I first became aware of Intel’s new SFU about three years ago, I think it was just a specification for AVX512 at the time, no shipping hardware yet. I don’t recall all functions being below 1 ulp though. Let me see whether I can find that specification again.

In retrospect, from the perspective of general purpose computing, some of the functions in NVIDIA’s SFU should have been designed with slightly smaller error. But I guess when the SFU was designed the focus was still exclusively graphics, and there is some advantage to not changing the SFU implementation ever since it shipped a decade ago.

As one example, the relatively large error of MUFU.EX2 has a negative impact on several single-precision math functions in CUDA which use that instructions. Intel’s SFU provides a more accurate exp2 implementation. I have to assume Intel included CUDA in their competitive analysis and found where they should improve their design versus NVIDIA’s.

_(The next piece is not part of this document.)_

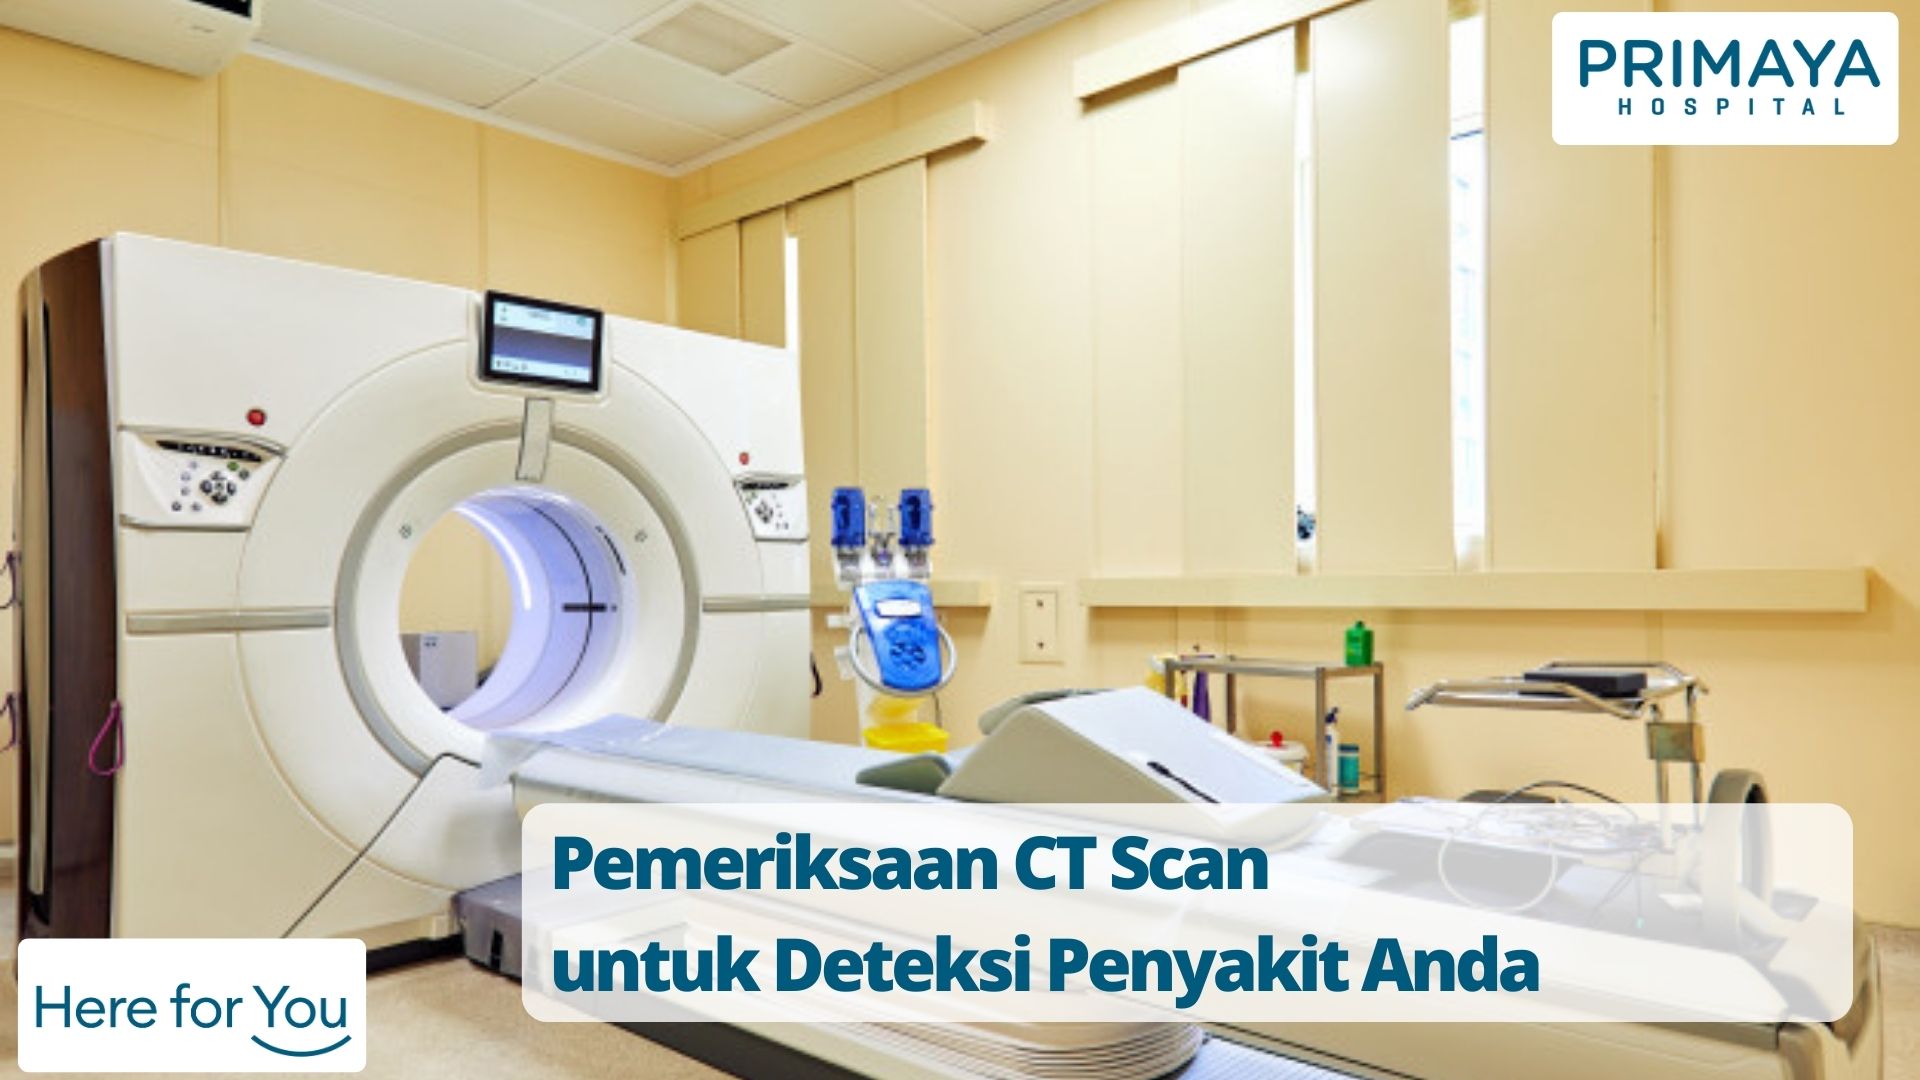 Pemeriksaan CT Scan untuk Deteksi Penyakit Anda

[Later:] Right now I can only find the announcement by James Reinders from 2013 where the ERI (“exponential and reciprocal”) extension was first mentioned: https://software.intel.com/en-us/blogs/2013/avx-512-instructions.

Probably there are certain SFU qualities that are good bang/buck tradeoff points. For example an SFU table for say rsqrt() that’s just good enough such that one Newton refinement step brings all values to 1ULP. I wonder if the SFU behavior in NV GPUs has changed much if at all since GT200.

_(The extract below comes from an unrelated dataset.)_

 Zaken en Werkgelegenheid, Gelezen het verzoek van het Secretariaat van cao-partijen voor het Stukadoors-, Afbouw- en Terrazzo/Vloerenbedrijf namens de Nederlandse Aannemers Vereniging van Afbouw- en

Ah, here’s more information about AVX-512 SFU features. The SFU approximations are 28 bits (more than float’s 24 bits of mantissa!), enough that the error is not only less than 1ULP, but is correctly rounded. And it handles exceptions!

It looks like there are also new operations just for interpolating small tables, which could be really interesting for implementing other transendental functions in software at various precisions.

As far as I am aware, there have been no functional changes to the GPU’s SFU since G80, the first CUDA enabled GPU. At one point the SASS instructions were renamed from SFU.* to MUFU.*, but the results for the various instructions have remained bitwise identical.

There are various conflicting statements about the accuracy of Intel’s SFU instructions to be found on the internet, including Intel documents, so I would consider the available data unreliable at present. The sources do seem to be consistent enough to let one draw the conclusion that the exp2 implementation is faithfully rounded.

Among the more useful instructions that Intel added are instructions that are basically the hardware equivalents of ldexpf() and frexpf(). I believe AMD GPUs also provide dedicated instructions for this, they can save a bunch of instructions in all kind of math functions. I would hope that NVIDIA gets around to implementing equivalent functionality at some point, but the performance pressure may not be there yet to justify the expenditure.

I recently came across an interesting little paper that suggests computing the error function via the hyperbolic tangent. Since these are both sigmoid functions, this can be accomplished by a straightforward polynomial transformation of the arguments, at least for low precision.

John D. Vedder, “Simple approximations for the error function and its inverse.” American Journal of Physics, Vol. 55, No. 8, August 1987, p. 762

This approach turns out to work well for half precision using the code for half-precision tanh() and associated helper functions I posted in #4 above. The resulting half-precision erf() implementation delivers results that deviate by at most 1 ulp from correctly rounded reference results. How this code compares performance-wise against CUDA’s built-in implementation I haven’t checked. I would expect it to be reasonably competitive.

/*
  Copyright (c) 2019, Norbert Juffa
  All rights reserved.

  Redistribution and use in source and binary forms, with or without 
  modification, are permitted provided that the following conditions
  are met:

  1. Redistributions of source code must retain the above copyright 
     notice, this list of conditions and the following disclaimer.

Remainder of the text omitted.